Expurgado de toda trascendencia, todos hemos vivido y guardado como memoria pequeños retazos, kayroí, que han determinado nuestras vidas: momentos adecuados, propicios a la decisión y que impelen a la acción; experiencias fugaces que algunos dejan pasar y que sólo los más valientes, aquellos que miran a la vida con los ojos abiertos de par en par, supieron domeñar.

Con anterioridad he dicho que una de sus cualidades era paradójica: pese a ser un acontecimiento presente, como fenómeno se nos presenta como una oportunidad pasada (aprovechada o no) o futura (que ansiamos o anhelamos). Y es esta cualidad y nuestras ansias de sentido, de ser dueños de nuestras vidas, afrontando la decisión, la que nos impulsa a buscar sus signos, los indicios, por herméticos que sean, (ha establecer una ciencia que no puede ser tal) de este acontecimiento que, más allá de cualquier sesgo religioso, nos redime, con nosotros mismos y con la Historia (cuando el acontecimiento trasciende al individuo e implica a toda una cultura, cuando la acción requiere de una acción colectiva).

Creo que puedo jactarme de haber sabido intuir a lo largo de mi vida en qué momentos no había lugar a dudas sin que pasaran de largo, al menos por lo que a mí respecta. Y por ello mismo, como el daimon de La Gaya Ciencia, siempre he repetido: volvería a vivir mi vida tal y como la he vivido así, una e innumerables veces. Y este drama anunciado que es mi destino (nuestro destino) no me hará cambiar de opinión. Pero la otra tarde, mientras lanzaba aquella piedra al estanque y mi conciencia se nublaba por unos segundos, tuve la intuición, de que, no yo, sino todos, nos hallamos frente a un nuevo Kayrós.

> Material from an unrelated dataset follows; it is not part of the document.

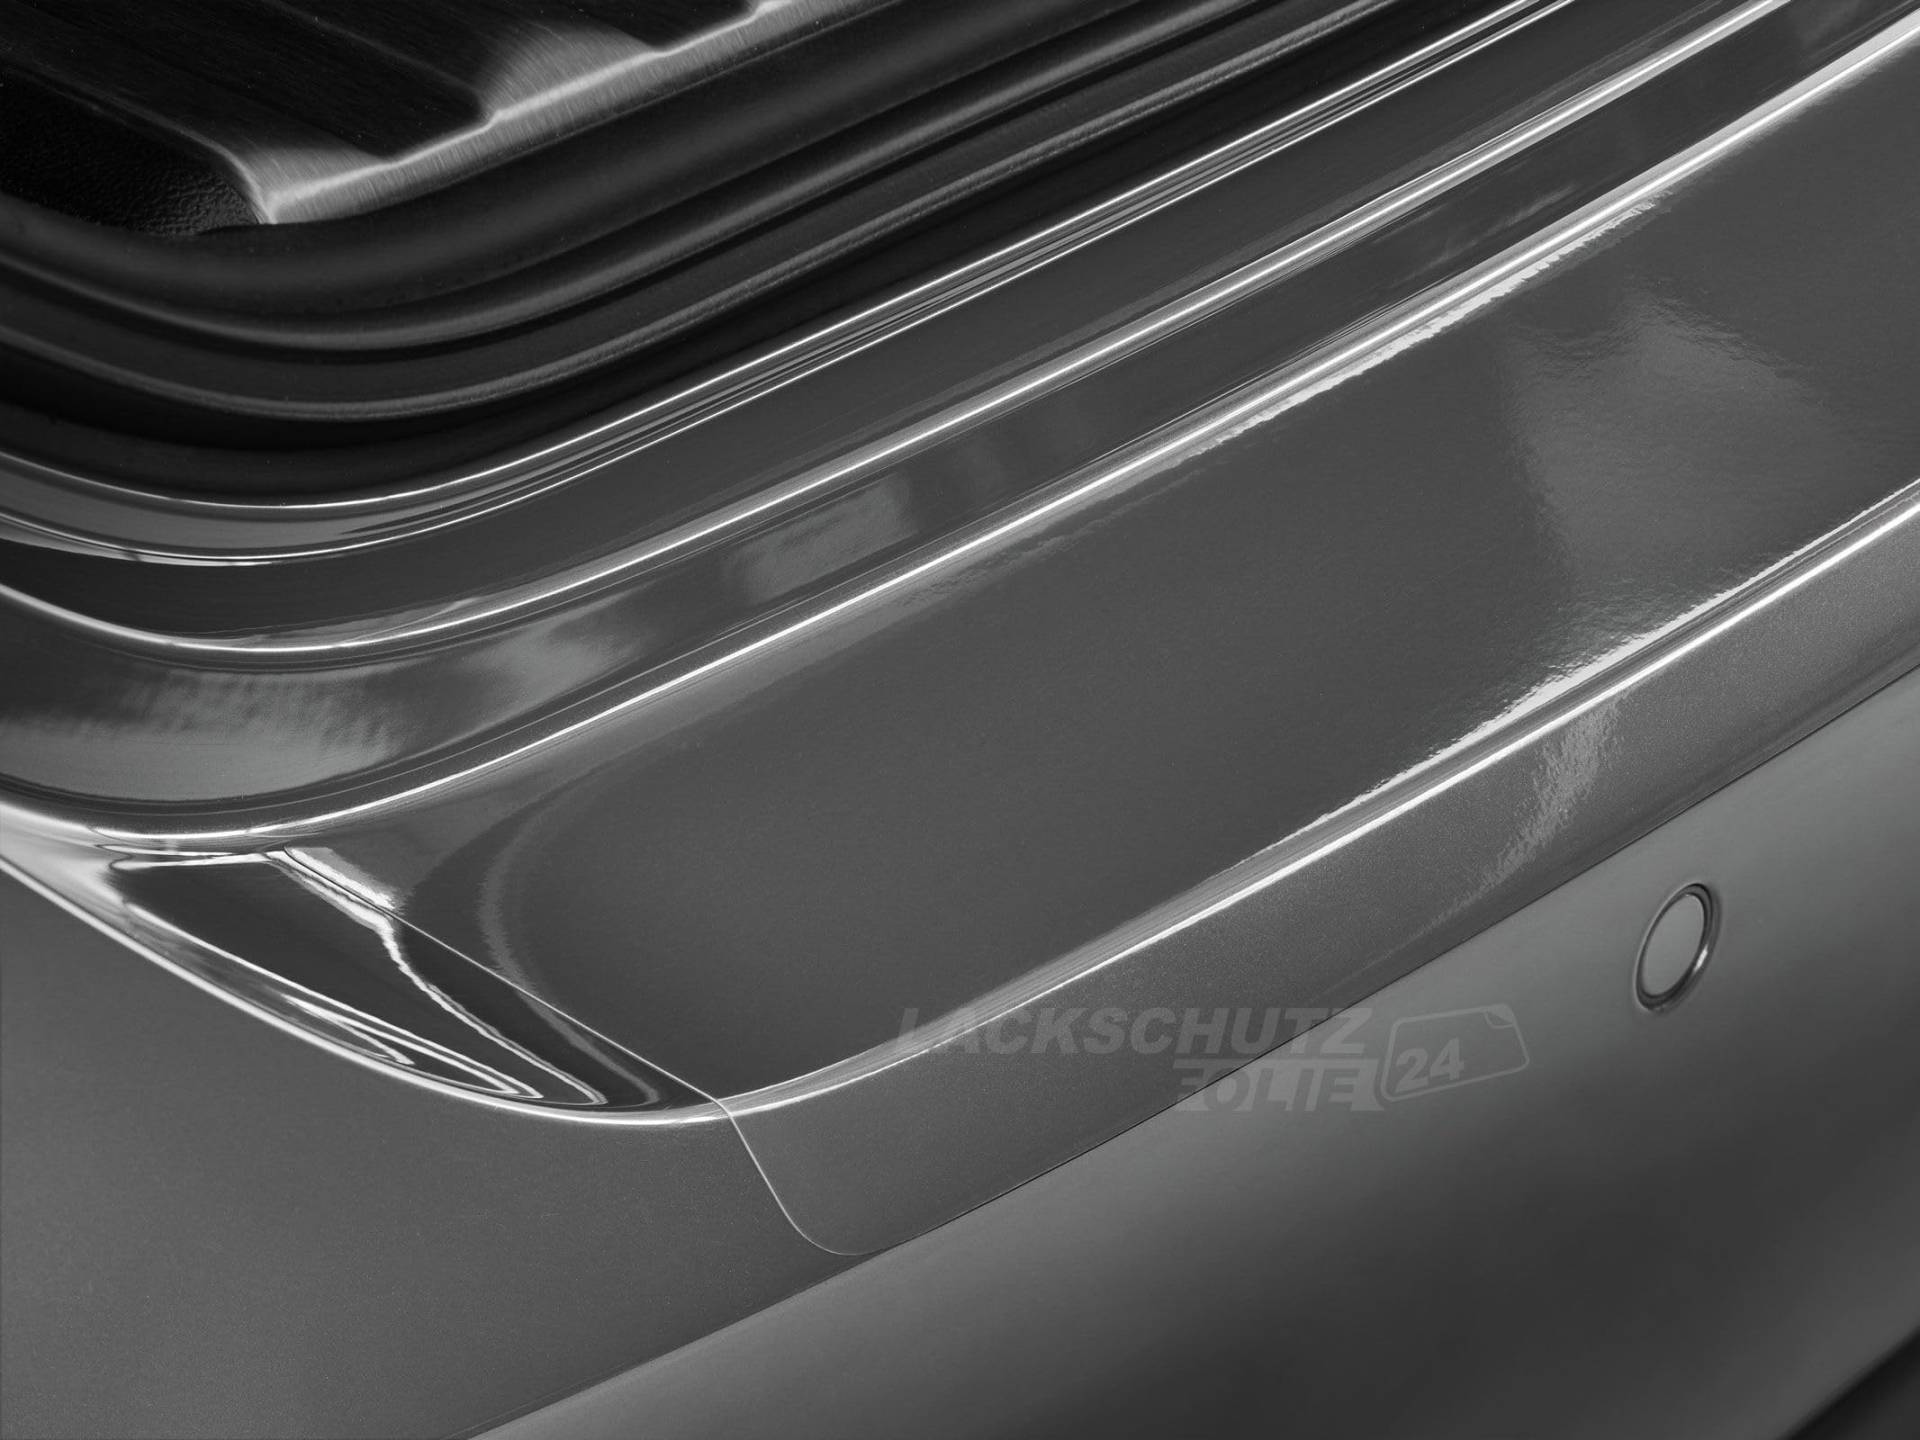 LSF24 - Ladekantenschutzfolie - Transparent Glatt Hochglänzend für Audi A3 Sportback Typ 8V, BJ 02/2013-2020 von Lackschutzfolie24
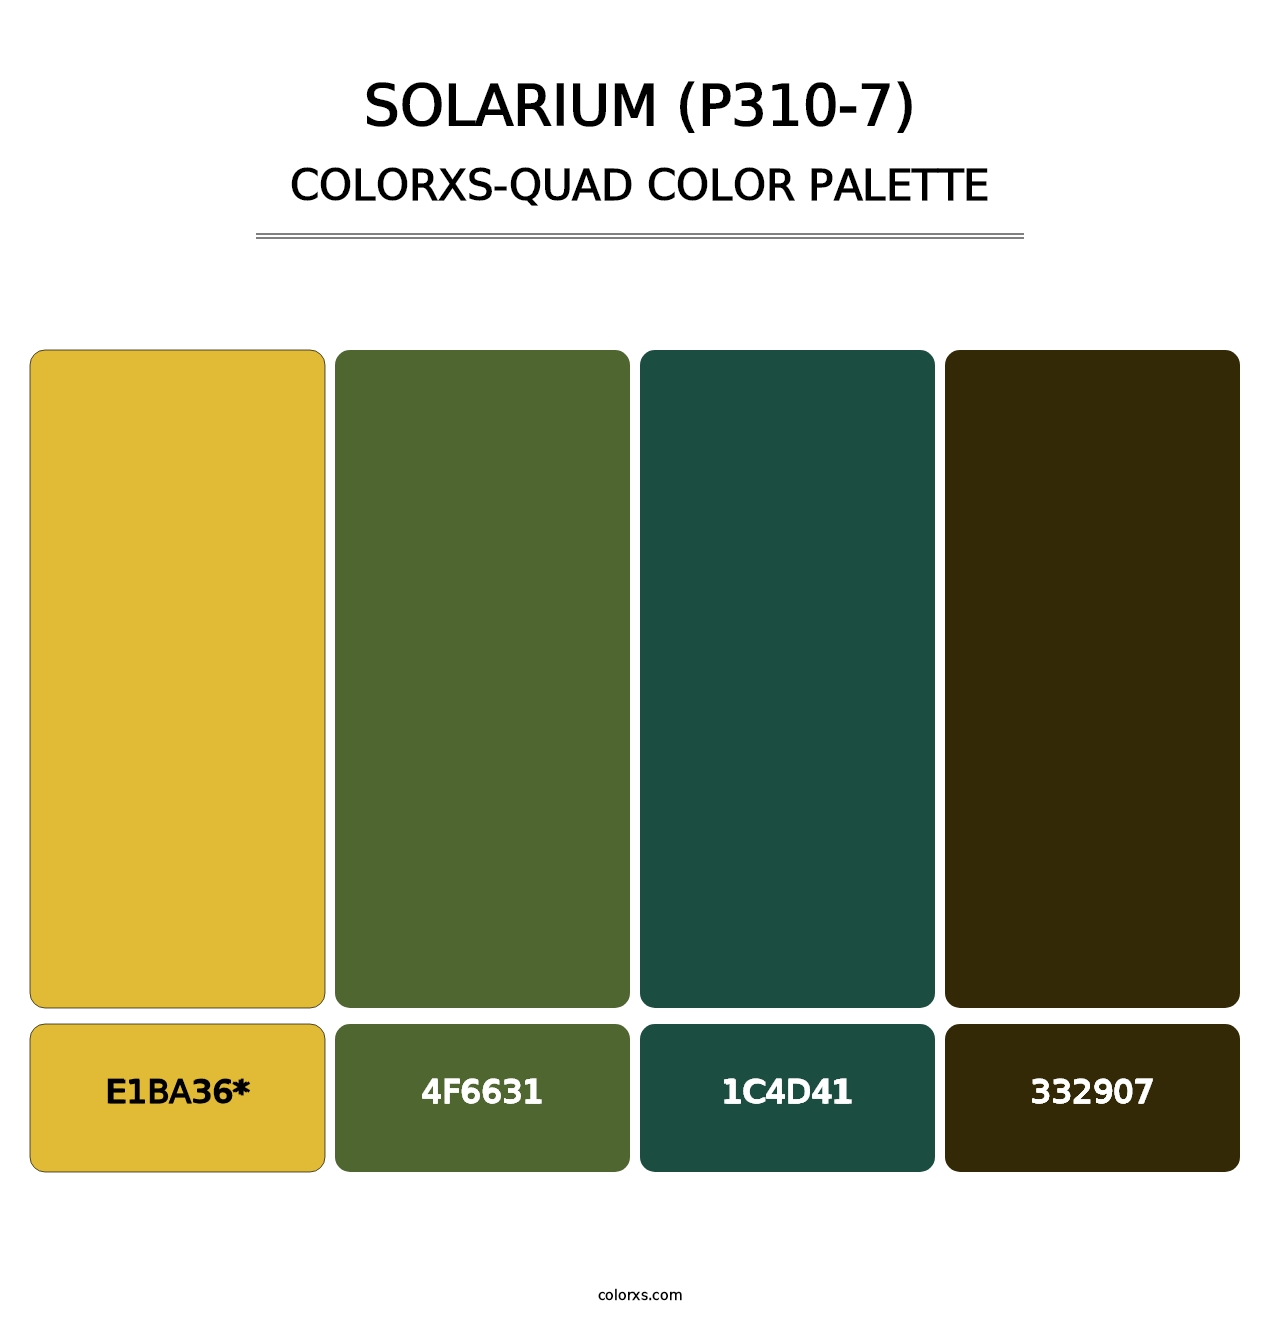 Solarium (P310-7) - Colorxs Quad Palette

De vuelta a casa, me asaltó la pregunta, la misma cuestión que me acompaña últimamente: ¿tengo noticia de encontrarme ante el momento propicio porque todos lo hemos dejado escapar? ¿Acaso se nos ha ido? ¿O soy igual de intuitivo para los acontecimientos históricos como lo soy para los acontecimientos vitales?


Es muss sein!






[Quienes quieran leer un buen artículo sobre estos tres conceptos, pueden echar un vistazo a: Antonio Campillo: “Aión, chrónos y kairós. La concepción del tiempo en la Grecia antigua”, en La(s) otra(s) historia(s), UNED del País Vasco, 3 (1991), pp. 33-70.]